Cathy Park Hong's Minor Feelings
Last year in AP Lang we read a part of Cathy Park Hong's book Minor Feelings, specifically, The Indebted, and Hong's writing style and word choice stuck with me as impactful and gave me a new perspective on different ideas.
When thinking of beautiful words and poetry, the first thing that came to my mind was Minor Feelings and The Indebted. Although I haven't read all of Minor Feelings, there were two lines from the book that stuck out to me as beautiful.

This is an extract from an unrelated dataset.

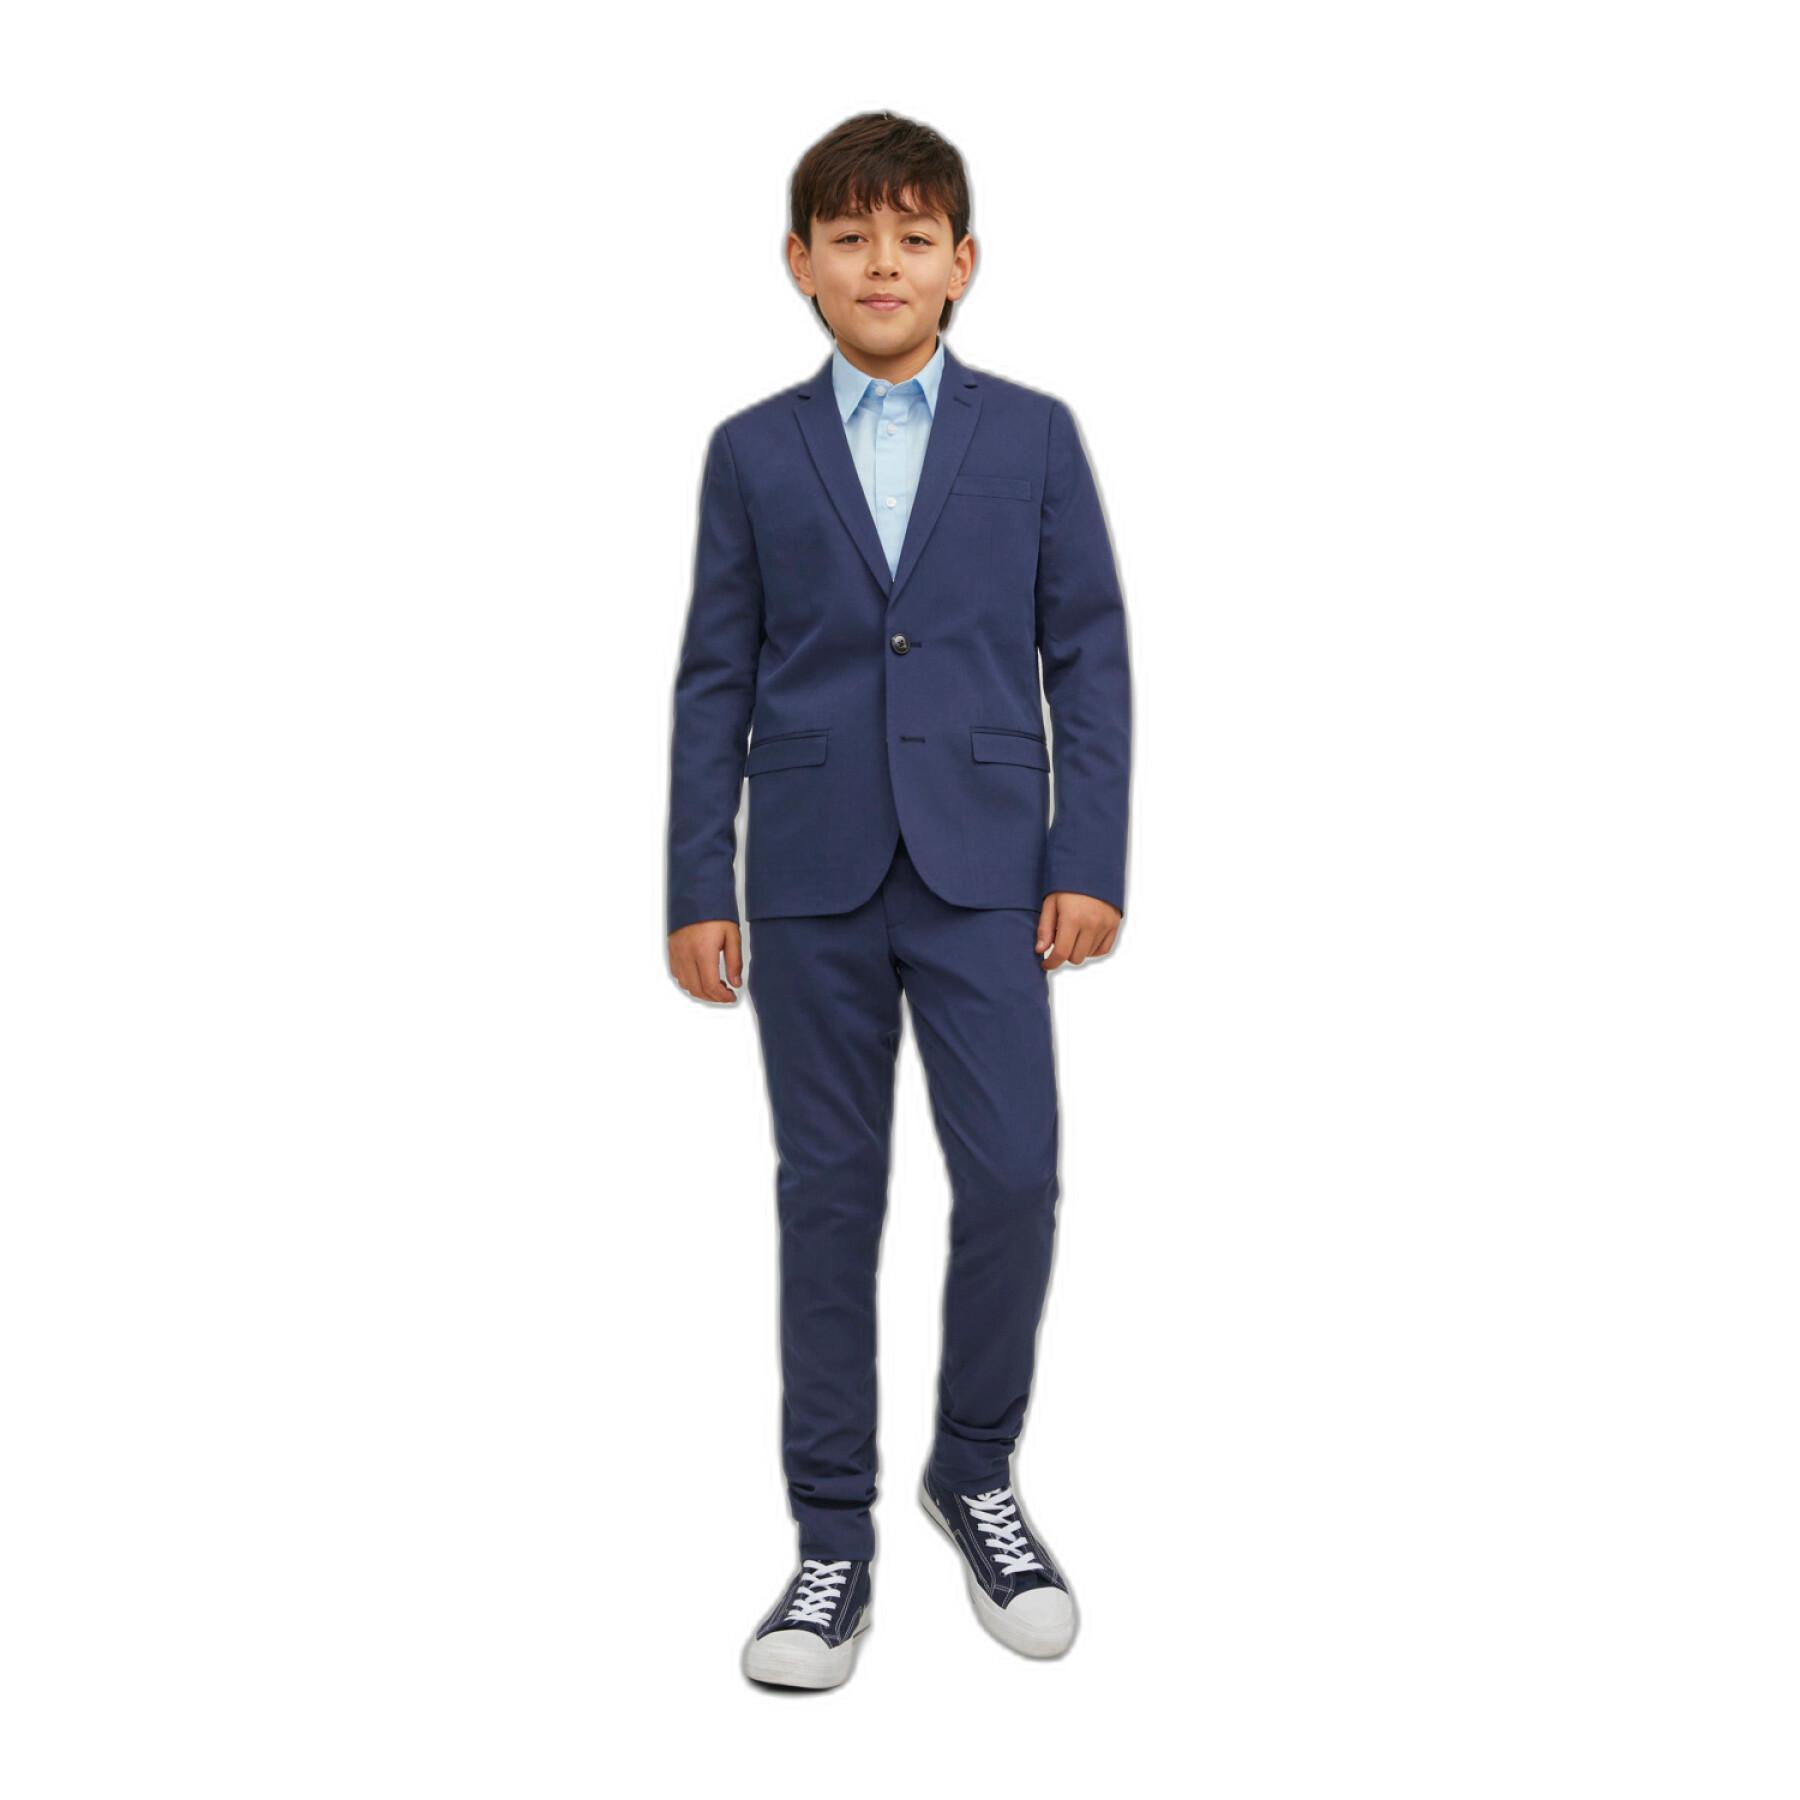 Children's suit pants Jack & Jones Solar

“Innocence is both a privilege and a cognitive handicap, a sheltered unknowingness that, once protracted into adulthood, hardens into entitlement.” Hong's choice of words such as "unknowingness" and "hardens" brings a sense of (interestingly enough) innocence turning into the knowledge of self, which is exactly what Hong is trying to convey. Another notable word to point out is Hong referring to innocence as a "cognitive handicap", unlike others who would refer to innocence as a barrier or another more toned down term, Hong's use of words shows the severity of innocence as Hong believes it to be.
Another line from Minor Feelings | The Indebted that I find beautiful come from Hong's perspective on the feeling of indebtedness, “I’d rather be indebted than be the kind of white man who thinks the world owes him, because to live an ethical life is to be held accountable to history.” Hong brings her point across in a very efficient manner while also developing her ideas on accountability and indebtedness. Again Hong's word choice, words like "ethical" and "accountable", prove Hong's ideas while also showing the severity of the situation.
Although Minor Feelings isn't a poem, it's multiple essays of Hong's personal incidents and ideas put together in a rather poetic way. Not all poems have to rhyme to be a poem, and Hong's essays in Minor Feelings bring depth and beauty to her beliefs similar to how poems bring out depth in their own ways.